The comments reflect a deepening standoff between Manchin, who largely wrote and helped pass the landmark climate law, and his fellow Democrats and President Joe Biden in a conflict that’s playing out ahead of Manchin’s potential reelection campaign in West Virginia.

They also offer a more substantial reading of Manchin’s complaints with Treasury’s implementation of the IRA, as well as hints at the legal strategy the senator may be assembling. The lawmaker said in March he’d consider going to court over the rule.

At the outset of his comments, Manchin said the original goal of the EV tax credit as it was written in 2008 — making plug-in vehicles more affordable and widely adopted — has been achieved and that, according to the White House, there are now more than 3 million EVs on U.S. roads.

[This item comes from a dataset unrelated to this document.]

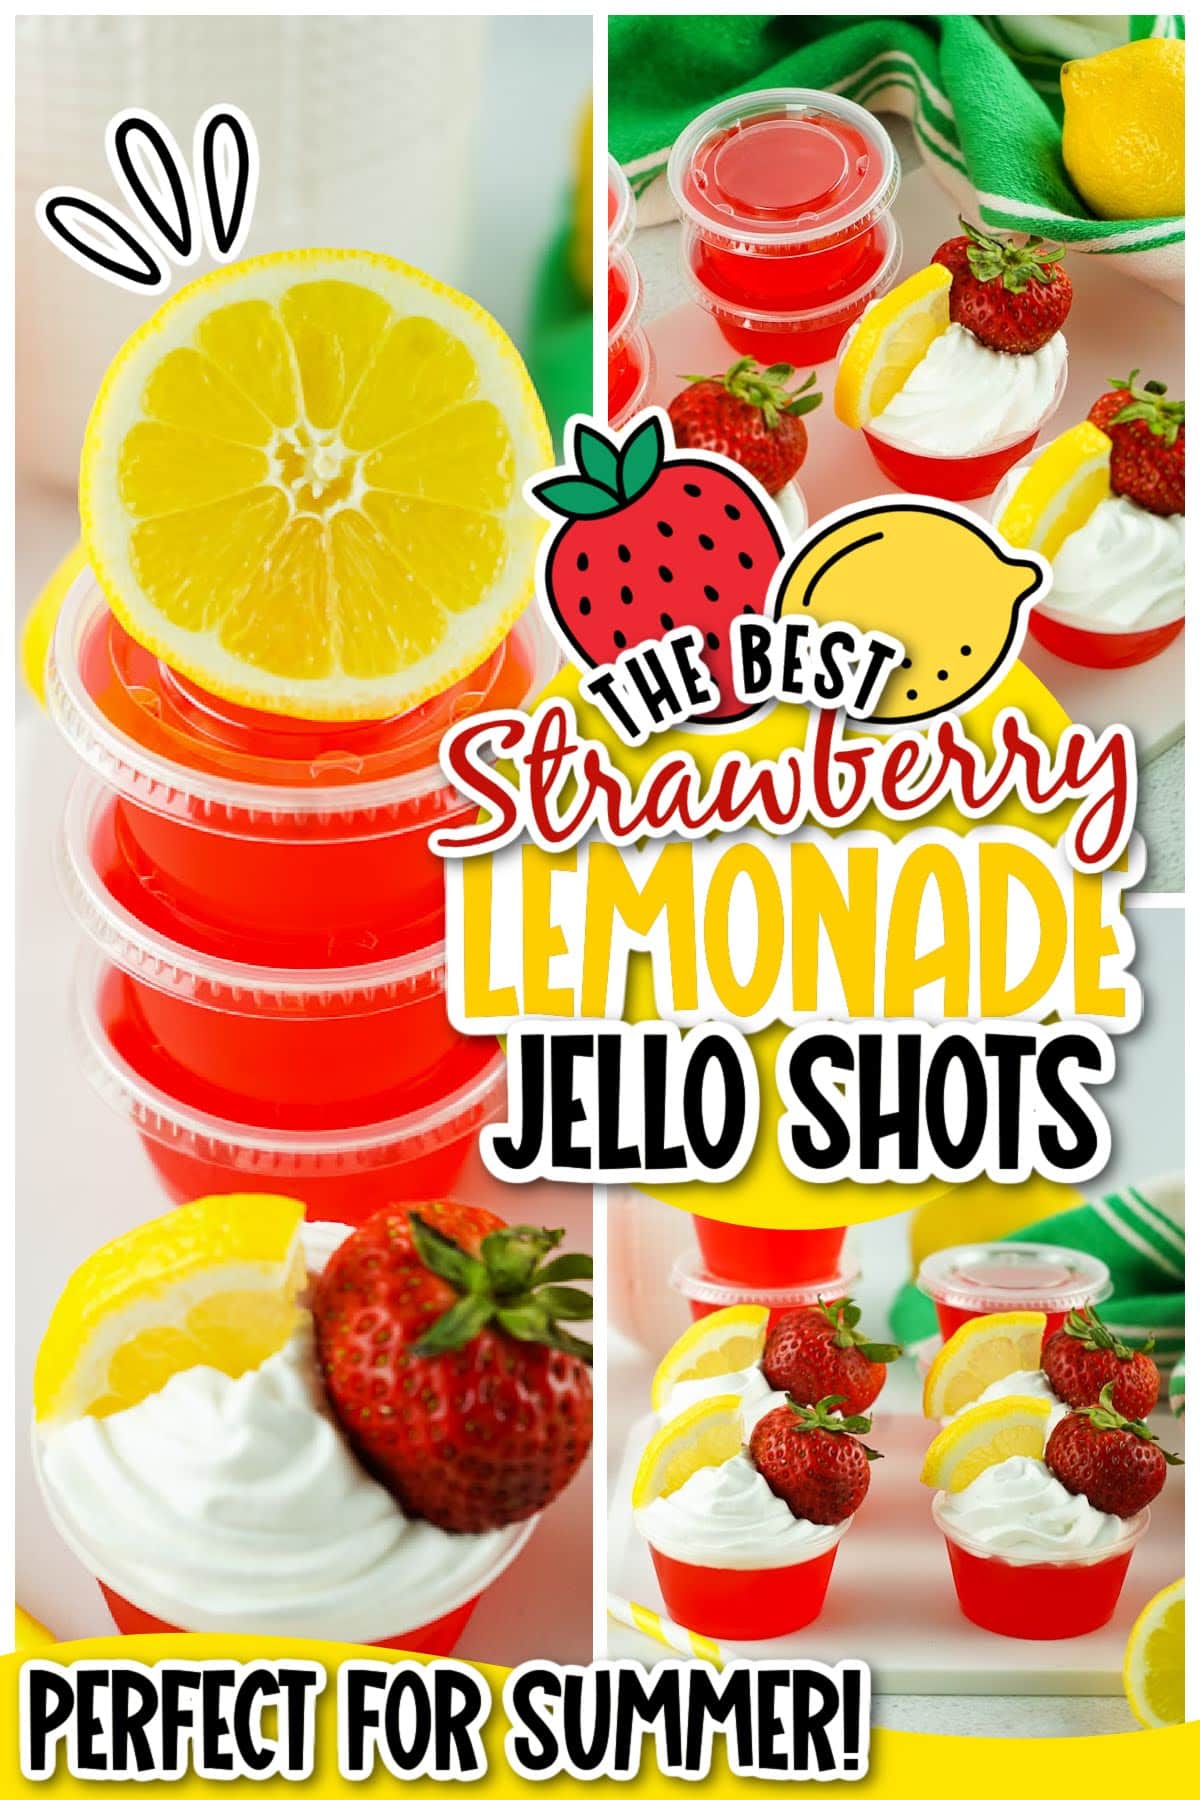 Three image collage of Strawberry Lemonade Jello Shots with text overlay.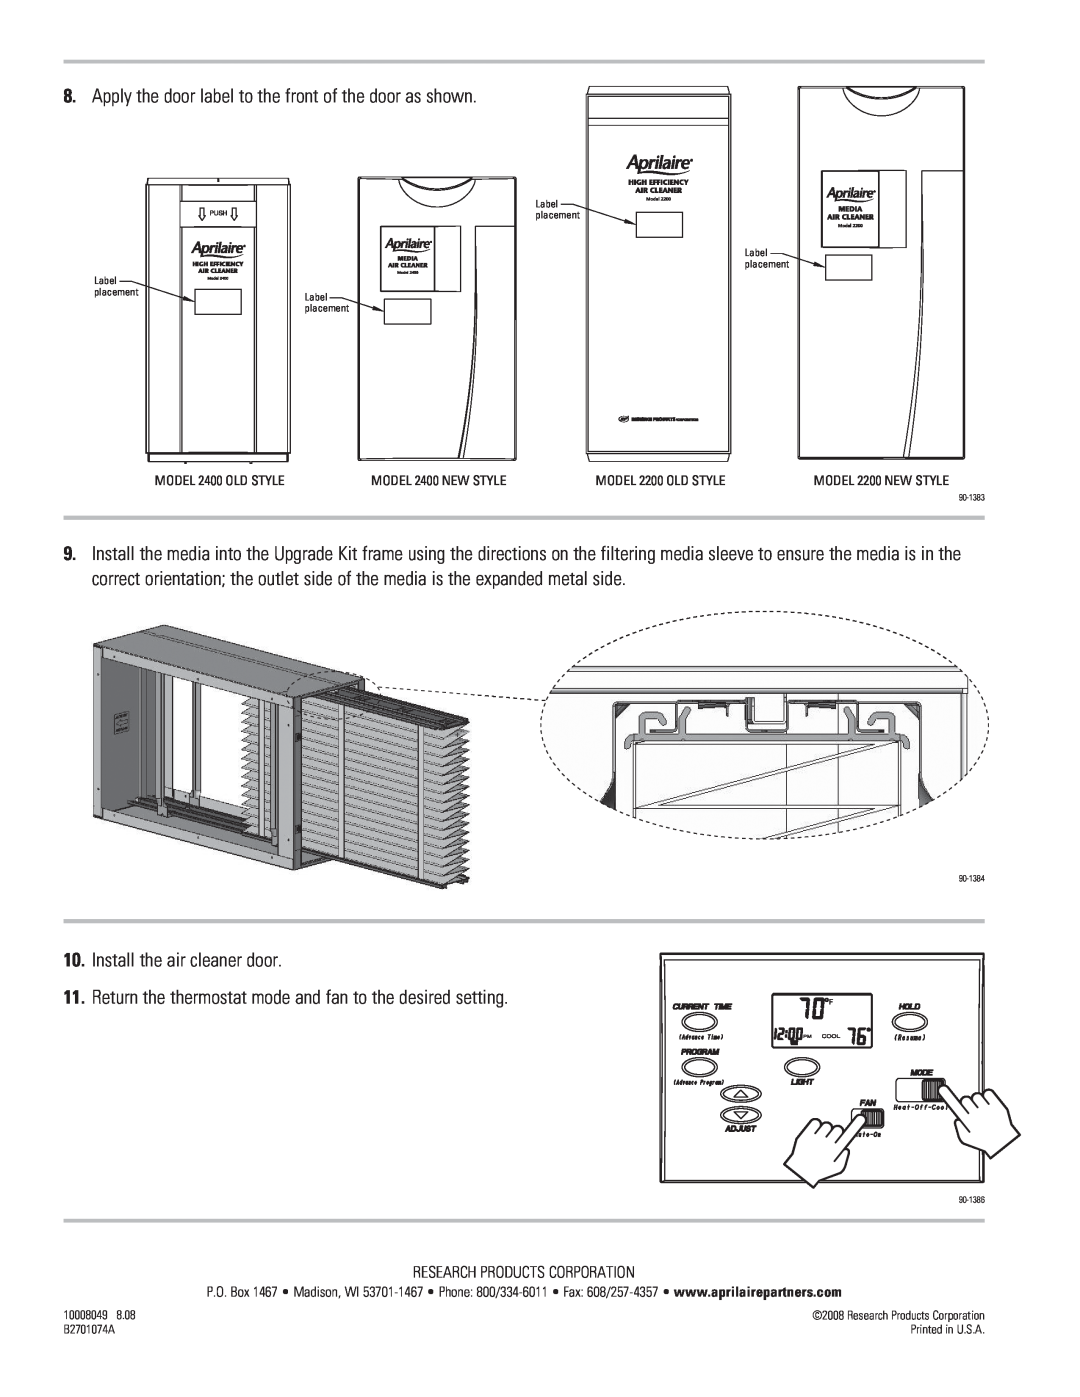 Aprilaire 1413, 1213 installation instructions Install the air cleaner door

What hasn’t been accomplished, the senator said, is coupling that effort with sufficient incentives to extract critical minerals, process them and assemble EV batteries in the U.S. and in countries that have a free-trade agreement with the U.S.

Manchin went on to highlight three specific but complicated concerns about how Treasury is implementing the law.

First, Manchin accused Treasury of creating a “new, unauthorized, and unlawful test” to judge whether a vehicle’s battery meets the requirements of the critical minerals portion of the credit, in which a car can get as much as $3,750 if 40 percent of the critical minerals are extracted or processed in the United States or in a country that has a free-trade agreement with the United States, or are recycled in North America, a percentage that increases in future years.

Treasury proposed a “50% of value added” test, in which the department would judge minerals as meeting the standard if more than half of the value added to the minerals from either processing or extraction happens within a compliant country. Manchin said the test is “purely of the treasury’s own making” and not acceptable under the law.

Second, Manchin said Treasury should not have allowed a battery’s “constituent materials” to be counted under the critical minerals portion of the credit.

That definition allows companies to count the cost of some battery manufacturing steps — such as making cathode powder — to be considered part of mineral processing, which allows it to happen in free-trade-agreement countries outside of North America, Manchin argued.

“Once again, this is not what the statute says or what Congress intended,” he wrote.

Lastly, Treasury is being too liberal with its definition of a free-trade agreement for purposes of the critical minerals credit, Manchin said, by keeping open the possibility that the United States could reach deals with other countries that could be added to the list.

This includes Japan, with which U.S. Trade Representative Katherine Tai recently struck a minerals-specific trade deal, as well as economies with which the U.S. is negotiating more deals, like the United Kingdom and the European Union.

Manchin said those pacts shouldn’t apply unless they cover large portions of U.S. trade with those countries.

“The problem here is that not every foreign trade agreement is a ‘free trade agreement’ as that term is generally understood and as Congress used it” in the relevant section of the IRA, Manchin wrote.

Manchin has previously been open to letting “reliable trading partners” be included in the law’s free-trade-agreement group, including Japan, the European Union, France and the United Kingdom.

Public comments on the Treasury guidance are due Friday.